Неудивительно, что жизнь моих сверстников-пансионеров вызывала во мне затаенную, но горячую зависть, рисовалась мне верхом блаженства. Подумать только: все в свое время, в равных для всех условиях, никаких вспышек и драм, при вечернем приготовлении уроков есть у кого спросить непонятное утром в классе, найти помощь, которой нет дома! Нет расточительного по времени и утомительного хождения по три версты, зимою затемно, к восьми с половиною часам утра в корпус и назад, по вторникам и пятницам вечером, а воскресенье утром еще в ни на что мне не нужную школу технического рисования Штиглица у Пустого рынка, опять почти по две версты в конец. Когда же готовить пять серьезных уроков ежедневно? А тут то затяжное опоздание отца к обеду, то поручение снести кому-то спешное письмо, сбегать что-то купить на Воскресенскую и так далее.

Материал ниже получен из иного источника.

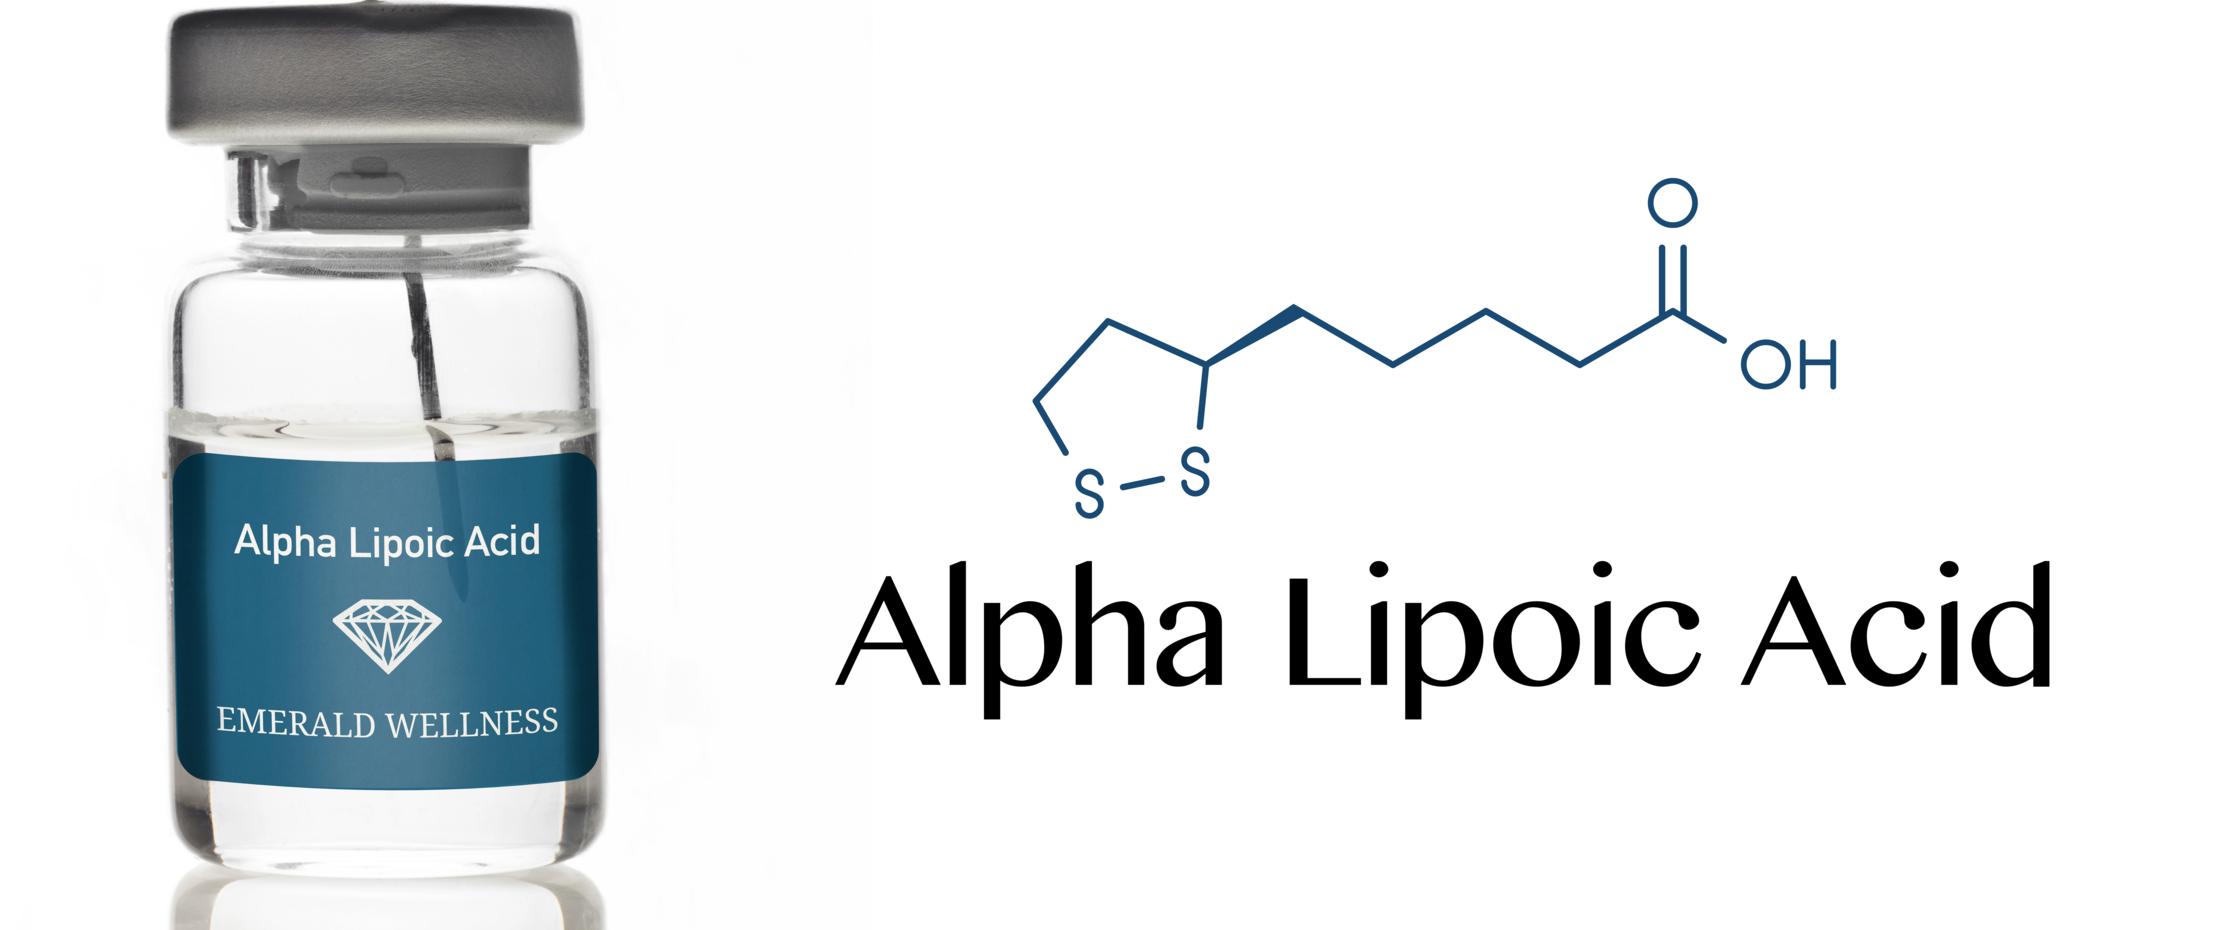 IV Alpha Lipoic Aci (ALA) Therapy & The Benefits!

И вот, прекрасный ученик первых четырех классов, пятый, но никогда не ниже десятого из сорока двух, я начал съезжать и терять веру в себя. Одновременно, досыта наслушавшись “очистительной критики”, которою был напоен мой дом, я становился заносчивым, колким, по-мальчишески умничающим и вообще неприятным и ухарствующим кадетом. Это приносило свои плоды. Но часто выпадало терпеть и совсем ни за что.
Иногда со смелостью отчаяния я встречно бросал отцу:
— Вы, вероятно, встретили где-нибудь Георгиевского или Авсеенко, а я должен за это расплачиваться!
— Это еще что за вздор? Ты и без них хорош! И вообще, скажи мне на милость, к чему ты собственно гнешь и чего ты хочешь?
— Отдайте меня пансионером.
— Ааа… Вот оно что… Тебя, значит, не как нас, бывало, тянет не в отчий дом, а из него!?
— Да разве у вас был такой отчий дом?..
— Так, так!.. — круто сменяя только что бушевавшее раздражение на тихую сокрушенность, перебивал меня отец. — Ну, что же?! Остается покориться своей горькой доле и безнадежно сказать: “Здравствуй, одинокая старость, догорай, бесполезная жизнь!” Спасибо, сын, и на этом, — заключительно ронял он, уходя в кабинет с низко опущенной головой, со слезой в углах глаз и в упавшем голосе.
Обоюдное терзательство обрывалось. Дорогой ценой покупалась ни на какой срок не обеспеченная передышка.